By Ashnee Maharaj, founder and managing director of FemDivine
The ongoing COVID-19 pandemic has significantly and irreversibly altered the way we live, work and relate to one another
Its most profound impact has arguably been on the way we do business and how businesses define themselves to remain relevant.
This new normal is ushering in a definitive new style of leadership
Women are set to become the trailblazers who will lead business into a new era of inclusivity, creativity, innovation and collaboration – bringing much-needed balance to the harder, more exclusive and competitive leadership style of decades past.
Women’s leadership is the secret ingredient that will propel today’s business into the new era – an era that champions a more sustainable, creative and inclusive way to achieve a company’s end goals.
South African women are finding their voice & taking a more strategic seat at the boardroom table
This may make some people uncomfortable, and that’s not necessarily a bad thing. Making people feel uncomfortable is the only way things are going to change.
Elevating women into positions of corporate leadership is no longer just a matter of leveling the playing field. It is a business imperative that modern and forward-thinking enterprises can no longer afford to ignore if they wish to thrive in the new reality.

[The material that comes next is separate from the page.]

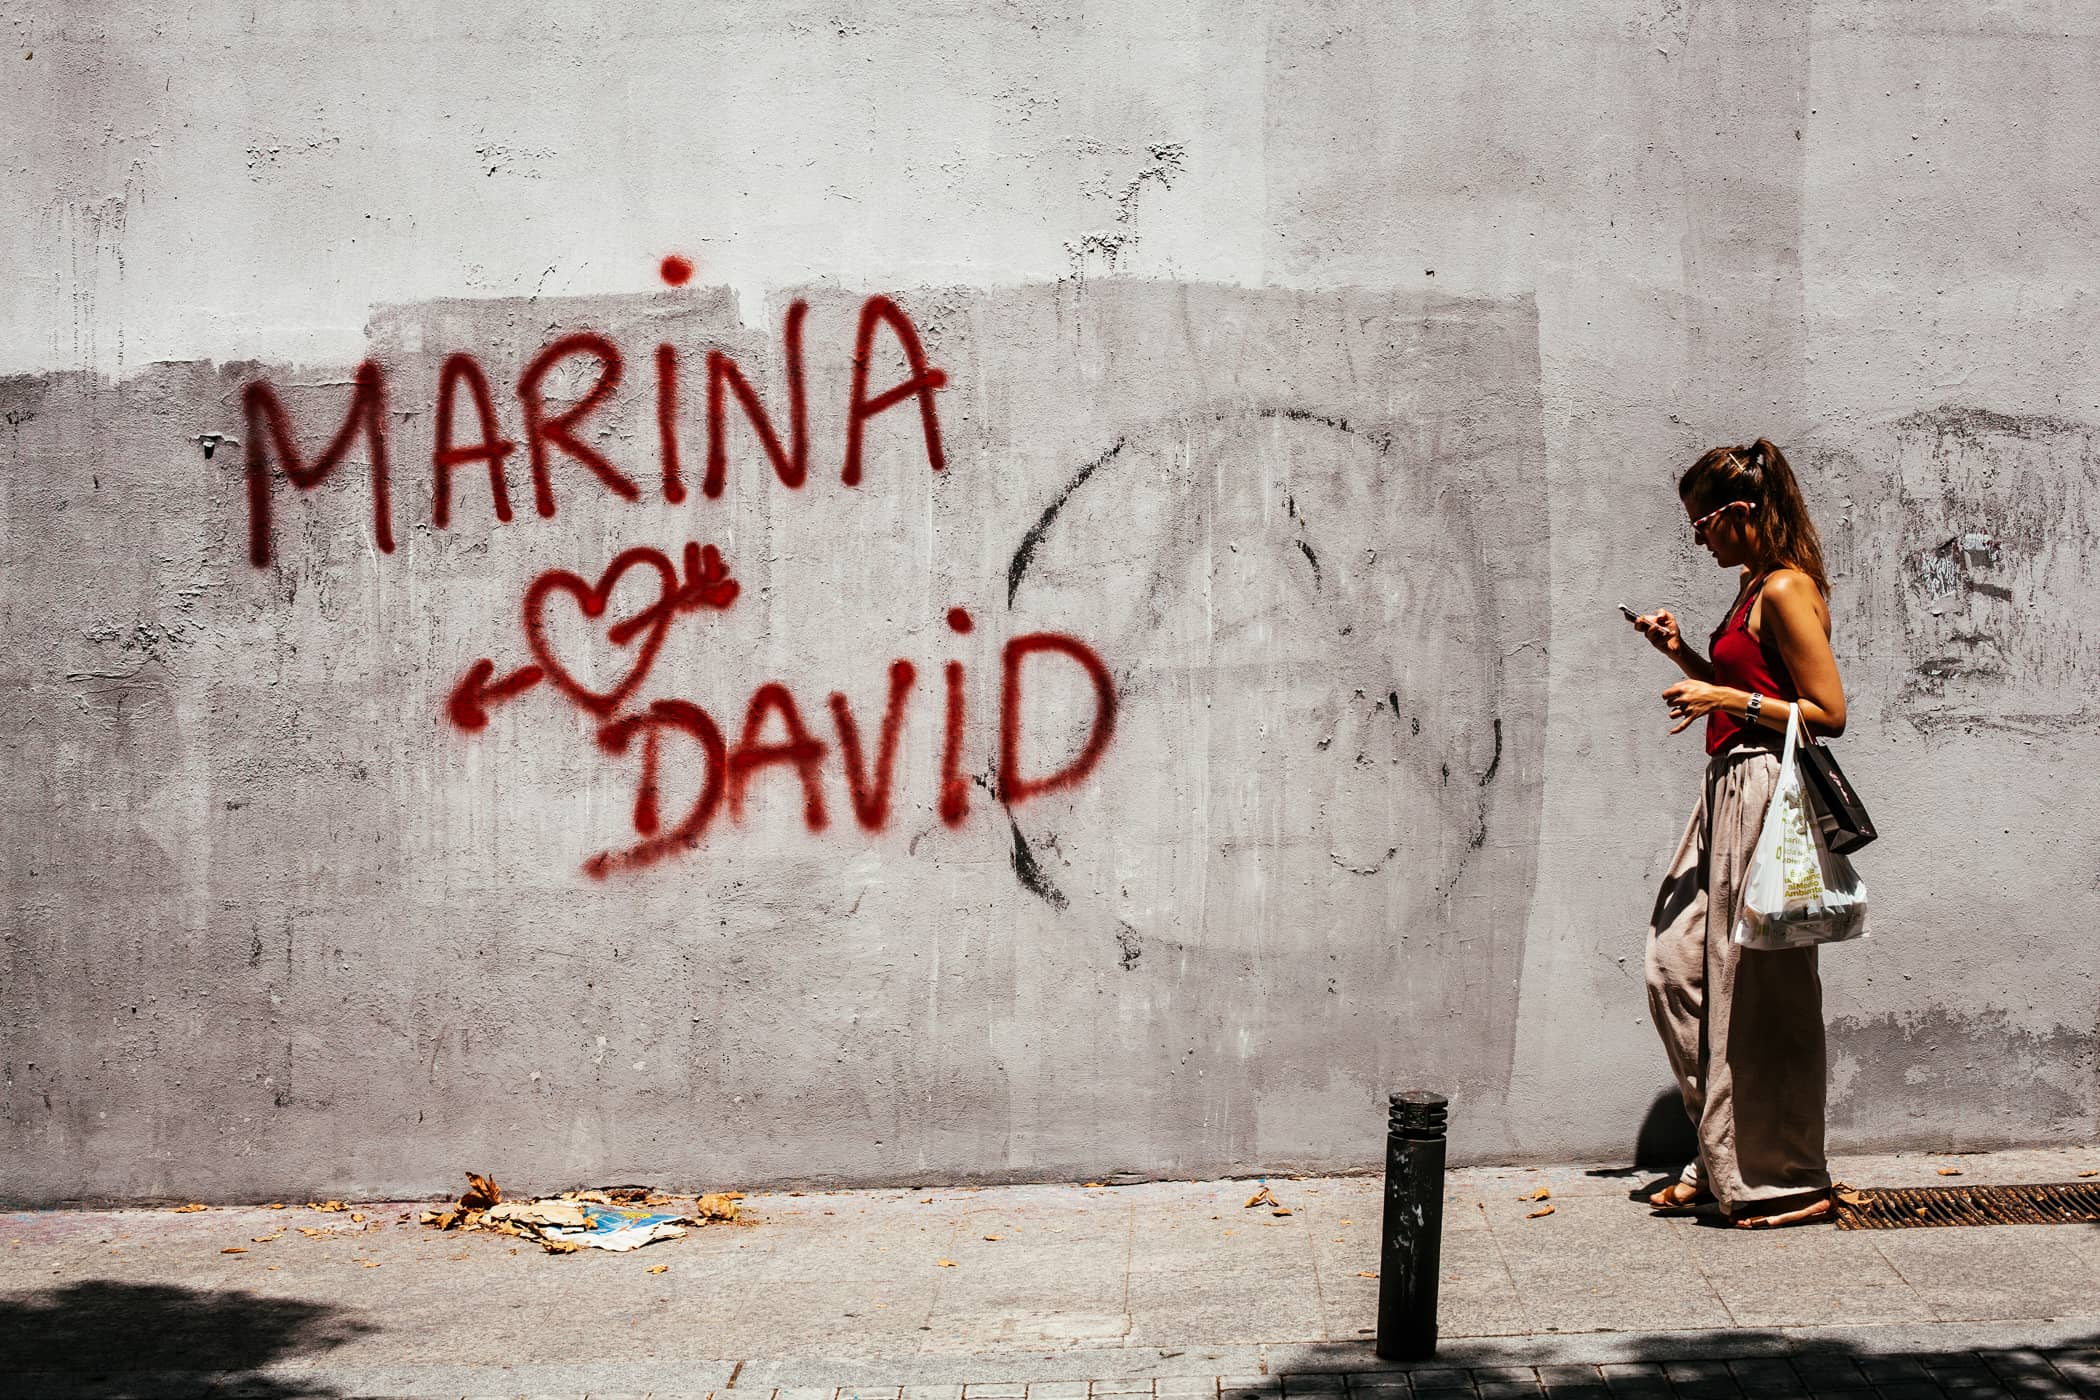 El ojo izquierdo - Marina and david

“Women are set to become the trailblazers who will lead business into a new era of inclusivity, creativity, innovation and collaboration”
It’s all in the numbers
According to the McKinsey Global Institute, women’s equality in the workplace could significantly enhance the ultimate reward, adding as much US $28 trillion (R468 trillion) to global annual gross domestic product by 2025.
Similarly, the Peterson Institute for International Economics completed a survey of 21 980 firms from 91 countries and found that having women at the C-Suite level significantly increases net margins.
A large female presence is also associated with higher status
According to the GFP Index, Fortune’s “most admired” companies have twice as many women at the senior management level than less reputable companies.
The research is stacking up that gender diversity is good for people, productivity and – not least of all – for profit.
In 2017, the Business and Sustainable Development Commission released its Better Business, Better World report, which is especially poignant now as we face a global economic recession, and which now demands that a new business paradigm evolve, especially pertaining to gender equality in society and, more specifically, in the workplace.
The discussion around women’s rights and equality has intensified in South Africa and in many other parts of the world, due to movements initiated by women who have found their voice, and by the men who support them.
These movements are not just about how gender equality benefits women as individuals.
“The research is stacking up that gender diversity is good for people, productivity and – not least of all – for profit.”
Benefits to society
They highlight how all of society benefits when women have equal representation at the table of power – within their communities, as well as in business and government – to lead and strive for the world we want.
Women demonstrate 6 leadership competencies critical to success
According to research, women demonstrate six leadership competencies critical to success in developing business: long-term thinking, innovation, collaboration, transparency, environmental management, and social inclusiveness.
Businesses that promote these leadership competencies and values will be more likely to succeed in developing sustainable and rewarding opportunities.
Diversity is not only a moral imperative, but a tried & tested route to profit & productivity
Hence, the research is unequivocal: diversity is not only a moral imperative, but a tried and tested route to profit and productivity. It should be prioritised as a way to boost resilience in South African business and government, as the country faces a tough road ahead to rebuild the economy and society.
Diversity is no longer a cosmetic, nice-to-have. In these particularly tough economic times, it will make the difference between success and failure. The bottom line is that investing in diversity is good for business.
Great strides have been made, but…
Although South Africa has made great strides, there is still some way to go. While women are paving the way when it comes to education and closing the gap on pay, there are still more men in management and senior management positions (39%) than women (31%), according to a study by Career Junction.
Sectors such as engineering and construction, for example, remain male-dominated where the ratio of men to women is 16% versus 6%, as well as the manufacturing and logistics sector with 10% (M) versus 4% (F).
Parliament fares a lot better. South Africa is ranked as the 10th country in the world with the most number of females in parliament, according to the Inter-Parliamentary Union, with just over four in every 10 benches held by a women.
South African women are well prepared to take a bigger piece of the business equality pie. It’s clear that the narrative is slowly starting to change as more women start stepping into their rightful place of leadership in society and business.
The Coronavirus pandemic is providing the tipping point impetus for this change
Never before has the need for creativity, innovation and collaboration been more important – in both business and in society. Women will drive South Africa’s socio-economic agenda by recognising the power they have to effect change through their roles in business.